The authors would like to thank Professors James and Ferraty for sharing the code used in their papers (James and Silverman 2005; Ferraty et al. 2013). In addition, we would like to thank two anonymous referees and an Associate Editor for their constructive comments on an earlier version of this work that resulted in a notably improved paper.

Funding

This research was supported by the Natural Sciences and Engineering Research Council of Canada [Discovery Grant RGPIN-2016-04288].

Author information

Authors and Affiliations

Department of Statistics, The University of British Columbia, Vancouver, BC, Canada
Xiaomeng Ju & Matías Salibián-Barrera

Authors

Xiaomeng Ju
View author publications
You can also search for this author in PubMed Google Scholar
Matías Salibián-Barrera
View author publications
You can also search for this author in PubMed Google Scholar

Corresponding author

Correspondence to Xiaomeng Ju.

Ethics declarations

Conflict of interest

The authors have no competing interest to declare that are relevant to the content of this article.

Additional information

Publisher's Note

Springer Nature remains neutral with regard to jurisdictional claims in published maps and institutional affiliations.

Appendices

Appendix A

Proof of Theorem 1 in Sect. 2.1.1.

Proof

It is clear that if $\{\beta _1,..., \beta _K \} = \left\{ (-1)^{l_1}\eta _1,..., (-1)^{l_K}\eta _K \right\}$ for some $l_1,...,l_K \in \{0,1\}$, then $g = {\tilde{g}}$. Therefore, it suffices to show that $\{\beta _1,..., \beta _K \} = \left\{ (-1)^{l_1}\eta _1,..., (-1)^{l_K}\eta _K \right\}$ for some $l_1,...,l_K \in \{0,1\}$. We prove that if there do not exist $l_1,...,l_K$ for the two sets to be equal, there exists a set of indices for which (12) is a constant function and thus contradicts Condition 2.

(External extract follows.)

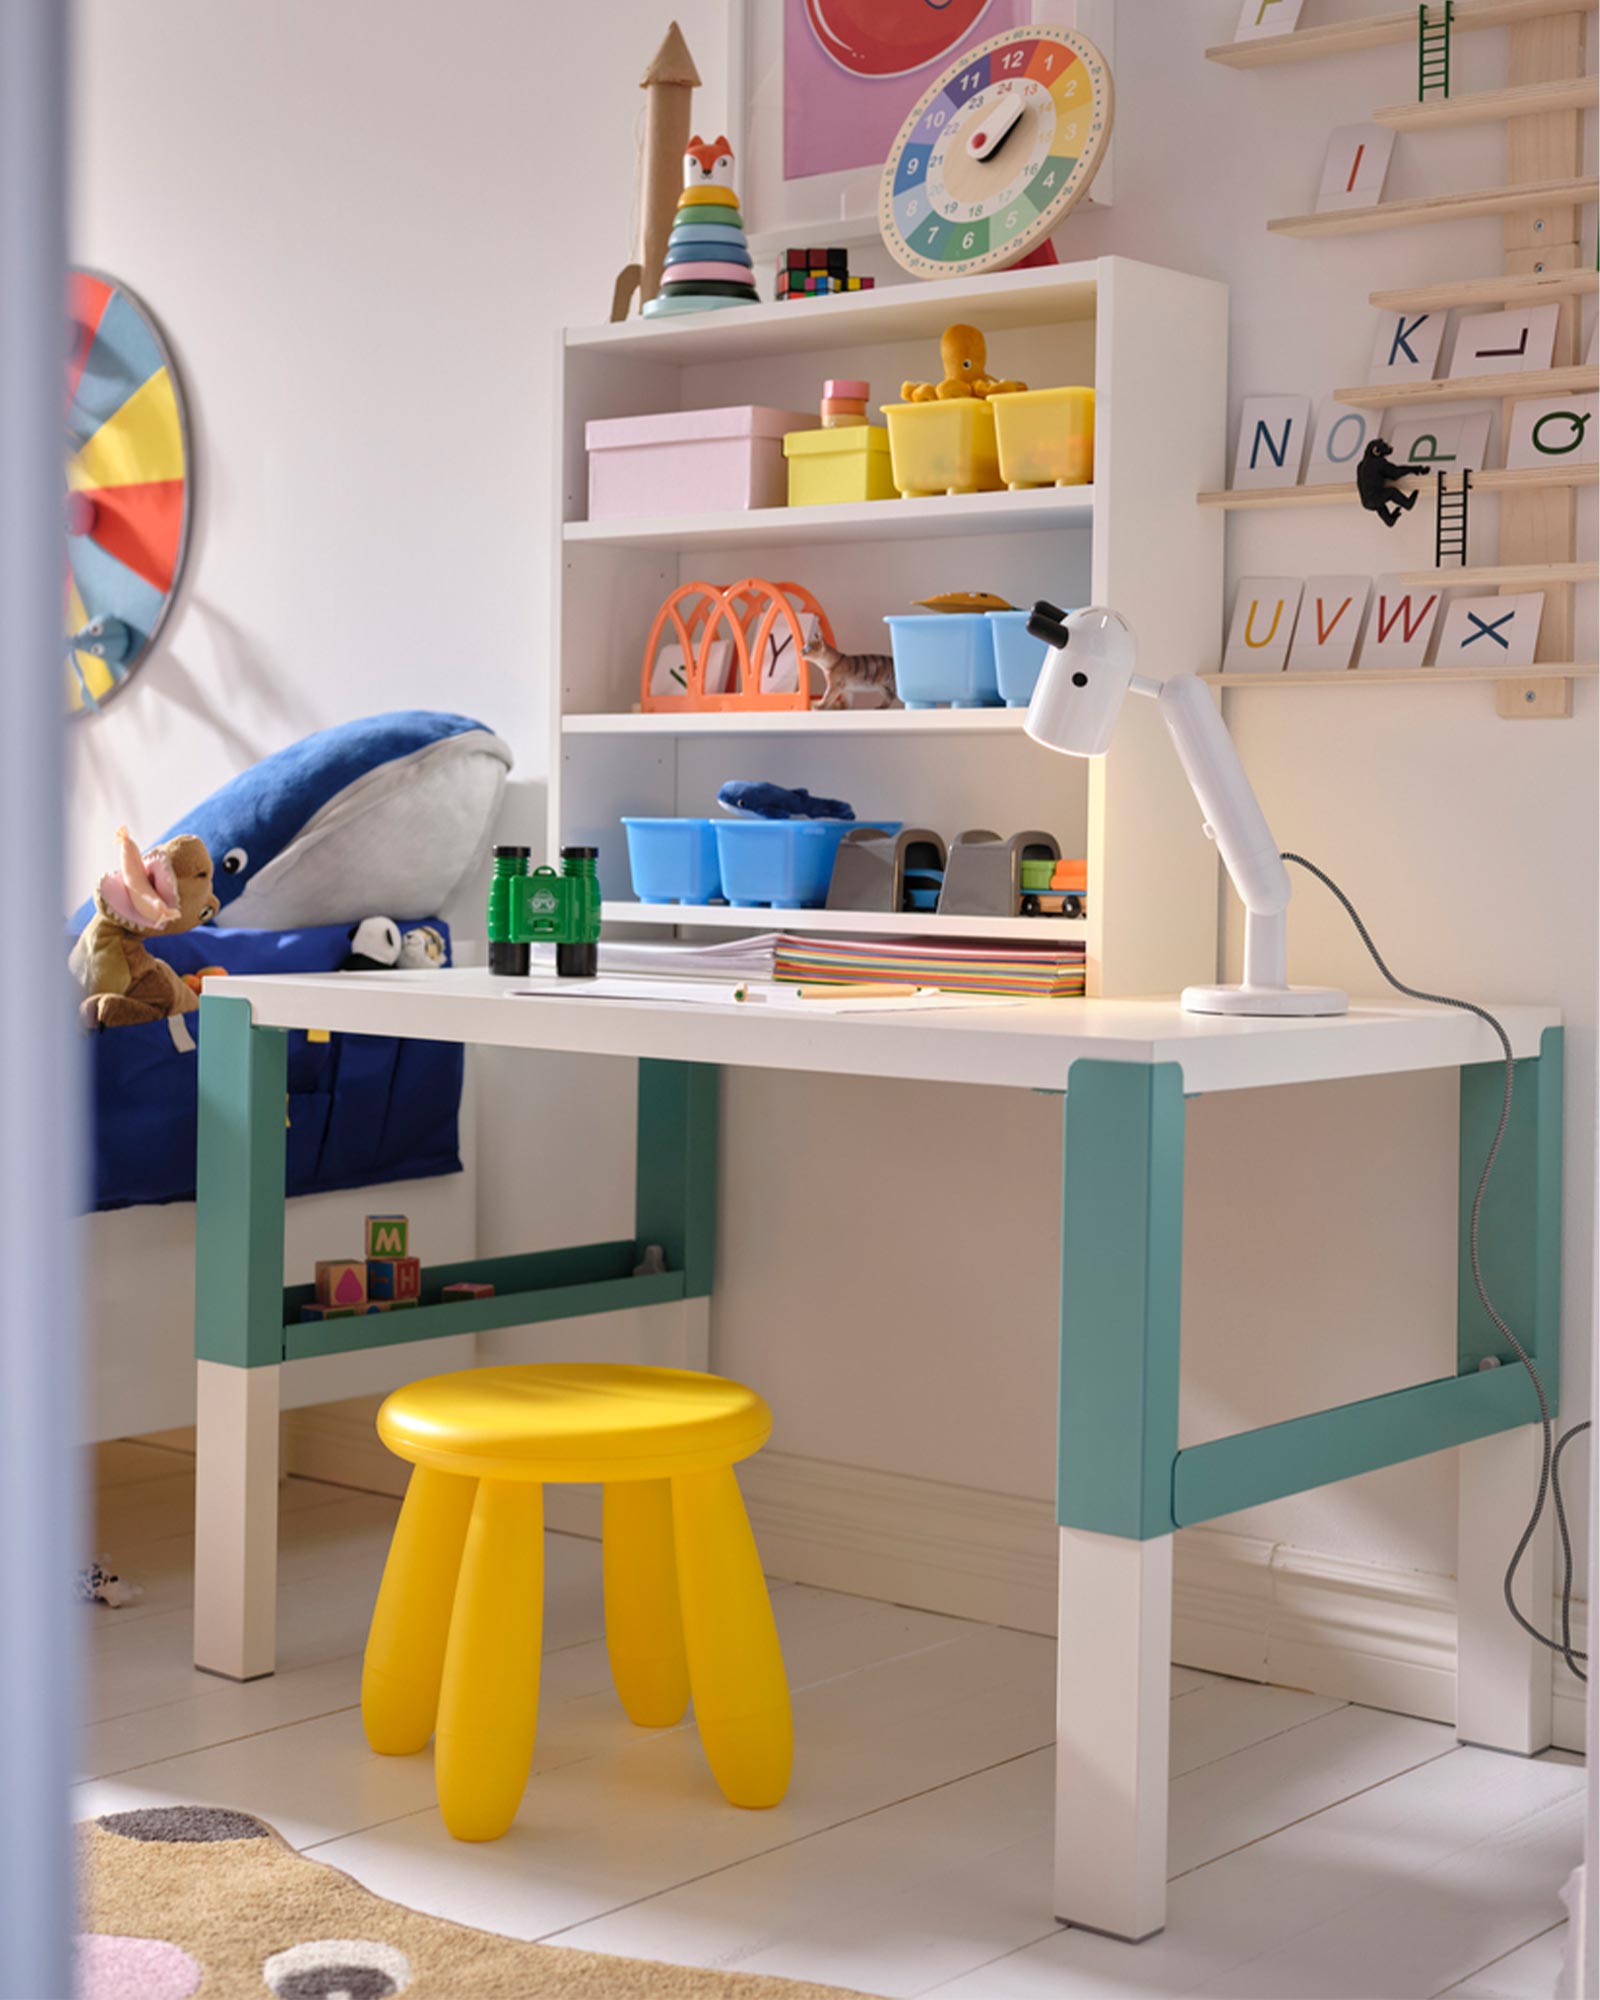 IKEA-a small childrens room 02

For simplicity, we let ${\tilde{\eta }}_j = (-1)^{l_j} \eta _j$. If for any $l_1,...,l_K$, $\{\beta _1,..., \beta _K \} \ne \left\{ {\tilde{\eta }}_1,..., {\tilde{\eta }}_K \right\}$, we match two sets so that the same vectors $\beta _j$ and ${\tilde{\eta }}_j$ align with each other. We let $S = \{\beta _1,...,\beta _K \} \cap \{{\tilde{\eta }}_1,...,{\tilde{\eta }}_K \}$, $\beta _j = {\tilde{\eta }}_j$, for $j = 1,..., |S|$ and $\beta _j \notin \{{\tilde{\eta }}_1,...,{\tilde{\eta }}_K \}$, for $j = |S|+1,..., K$, and $|S| < K$. By Condition 2, there exist a $x_0$ for $J = {|S|+1,...,K}$, (12) is not a constant function.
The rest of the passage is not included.